Día Mundial para la Prevención del Suicidio: ¿sabría responder tu empresa?

suicidio

Cada 10 de septiembre se conmemora el Día Mundial para la Prevención del Suicidio. En 2026, la campaña internacional mantiene el lema “Cambiar la narrativa sobre el suicidio”, una invitación a dejar atrás el silencio y el estigma para construir espacios donde las personas puedan hablar y pedir ayuda.

En este esfuerzo, los centros de trabajo también tienen un papel importante. Las personas pasan una parte considerable de su día trabajando y, por lo tanto, una crisis emocional puede hacerse visible durante una jornada, una reunión o una conversación entre colegas.

Sin embargo, apoyar a una persona no significa convertir a líderes, jefaturas o equipos de Recursos Humanos en terapeutas. Significa contar con una ruta clara para escuchar, actuar y canalizar la situación hacia profesionales capacitados.

Si tú o alguien cercano se encuentra en peligro inmediato, llama al 911. En México también puedes comunicarte con la Línea de la Vida al 800 911 2000.

El bienestar laboral debe ir más allá de una campaña

Hablar de bienestar corporativo no consiste únicamente en organizar actividades de integración, enviar recomendaciones o promover hábitos saludables.

Una estrategia integral de Wellness también debe contemplar qué ocurrirá cuando una persona trabajadora exprese desesperanza, presente una crisis emocional o diga que está pensando en hacerse daño.

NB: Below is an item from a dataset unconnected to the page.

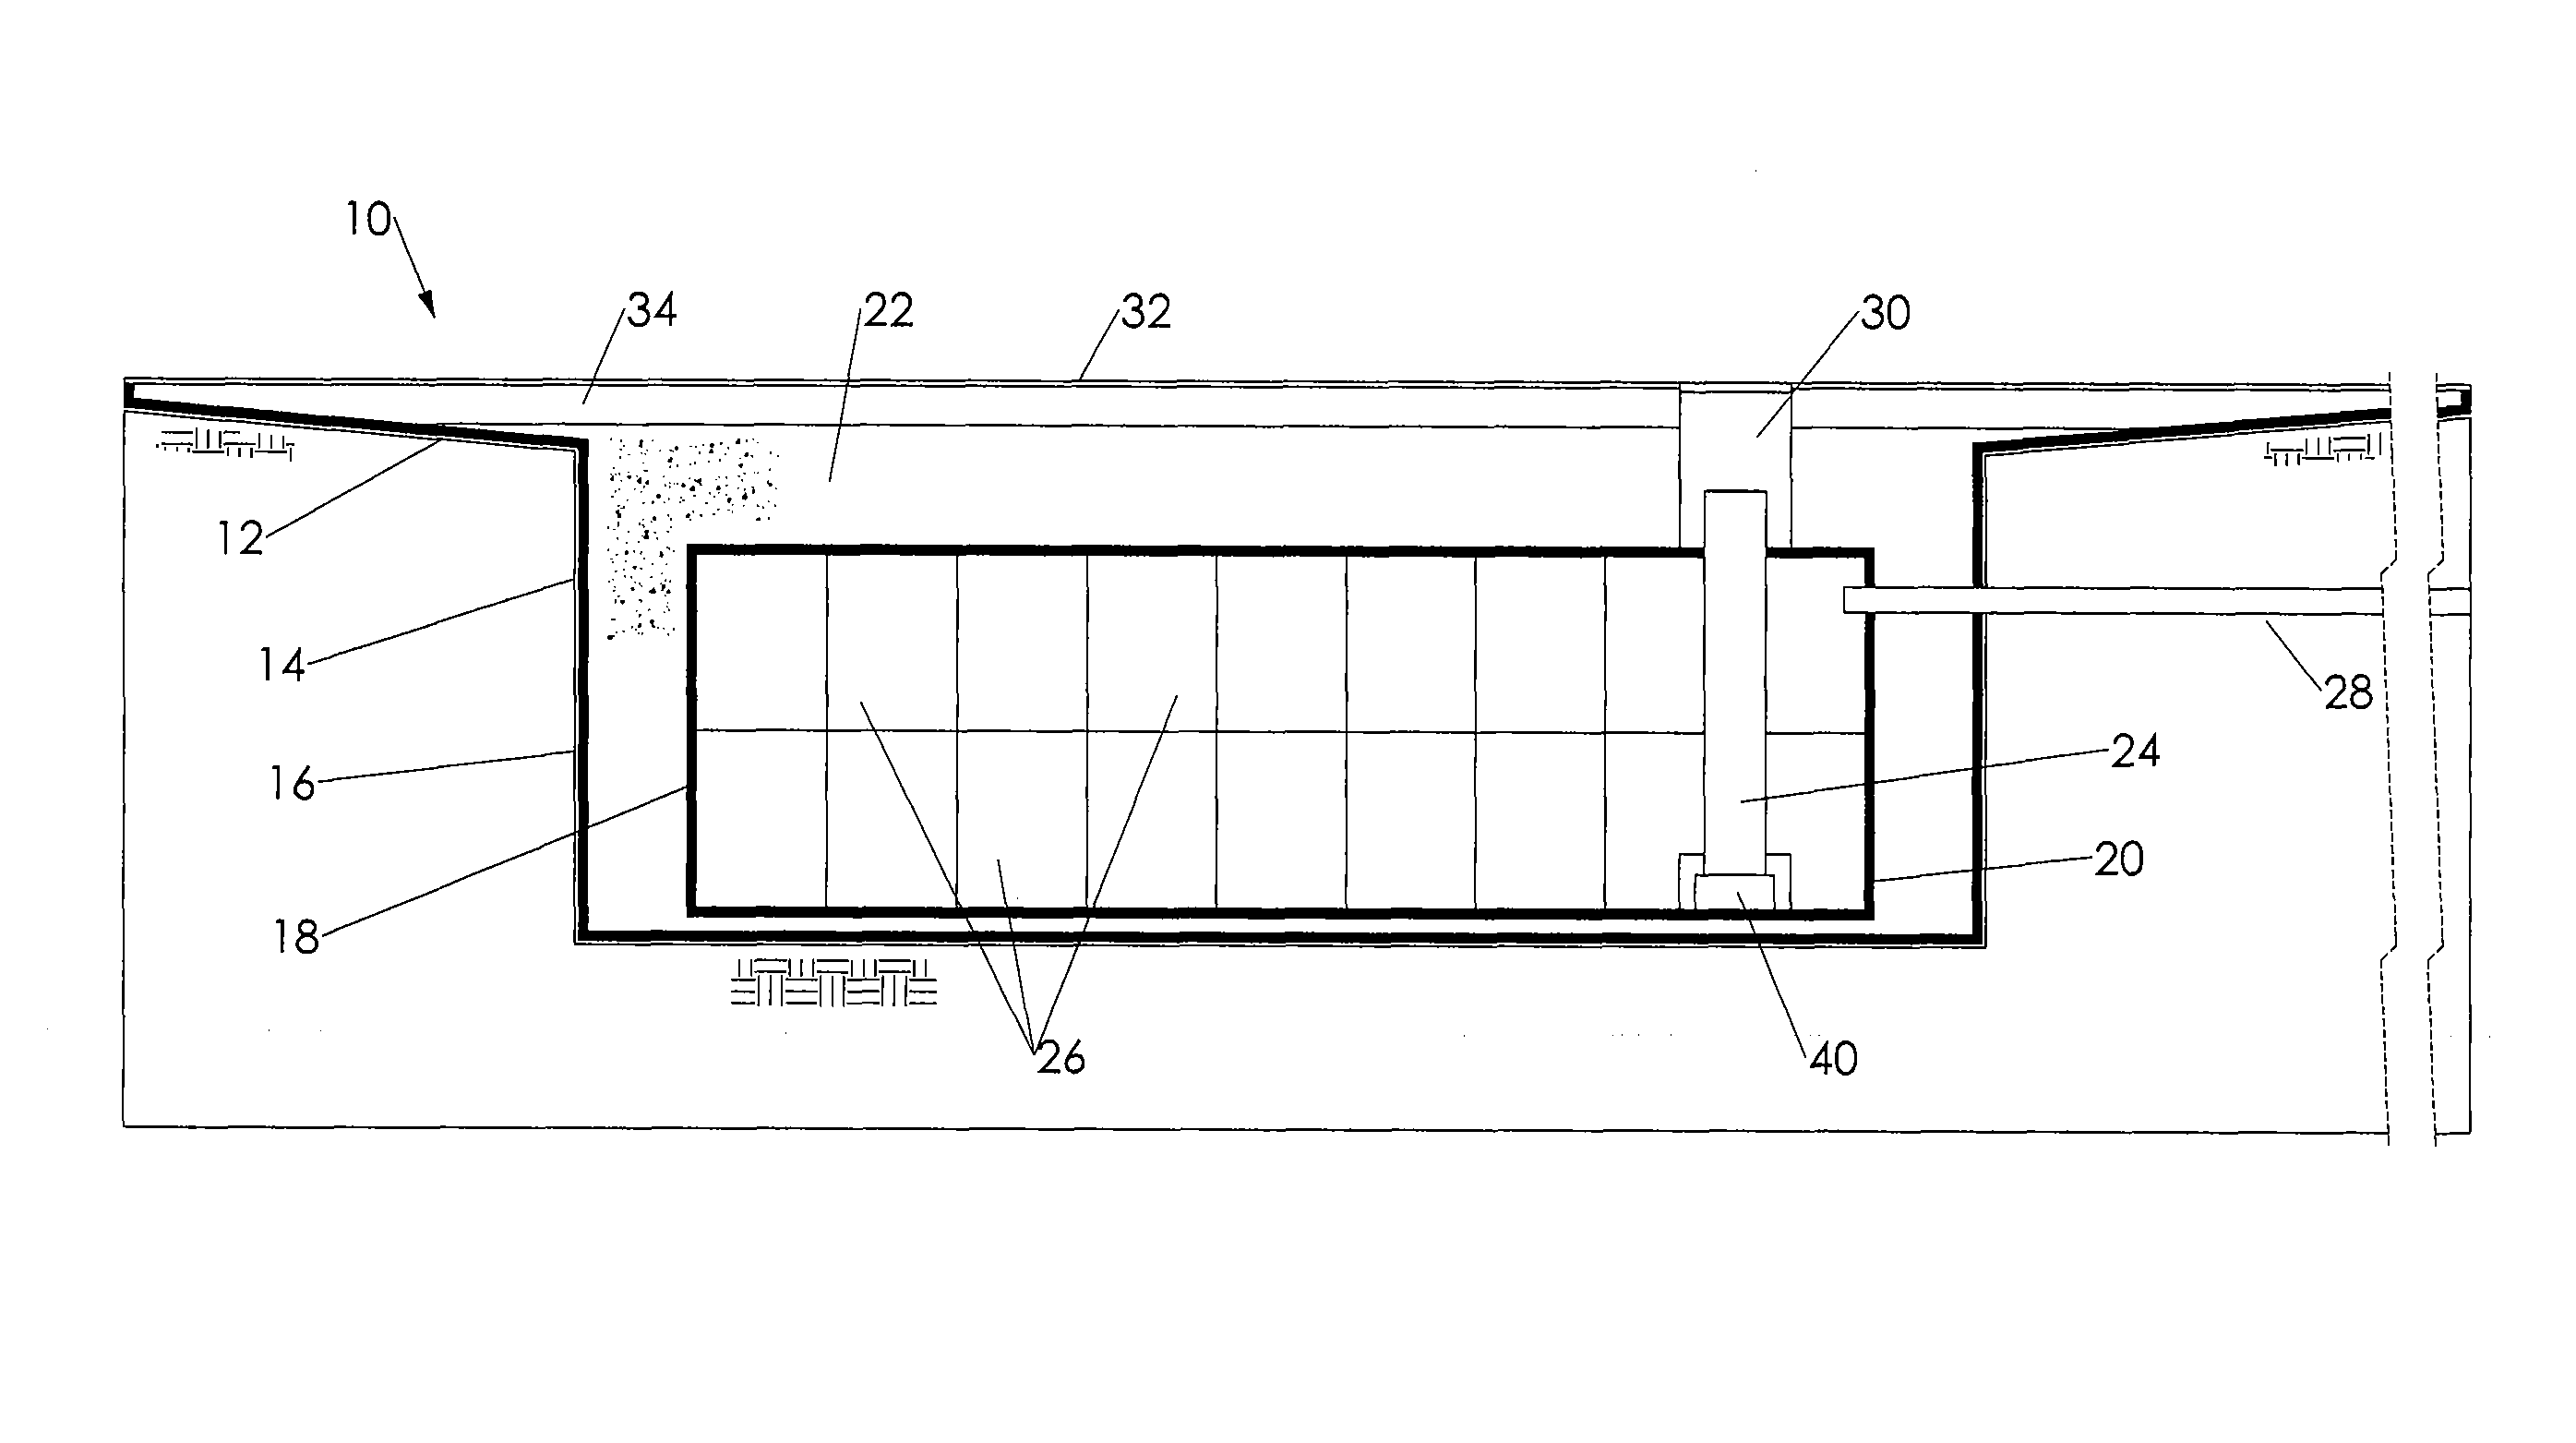 Water drainage and harvesting system for an artificial turf environment

La Organización Mundial de la Salud señala que los espacios laborales pueden proteger la salud mental. No obstante, también pueden generar o intensificar riesgos cuando existen cargas excesivas, violencia, discriminación, poca autonomía, inseguridad laboral o relaciones negativas.

Por ello, una empresa necesita pasar de la buena intención a la preparación.

¿Qué señales podrían observarse en el trabajo?

No existe una sola señal que permita determinar que alguien está pensando en suicidarse. Además, un cambio en el desempeño no debe utilizarse para diagnosticar ni etiquetar a una persona.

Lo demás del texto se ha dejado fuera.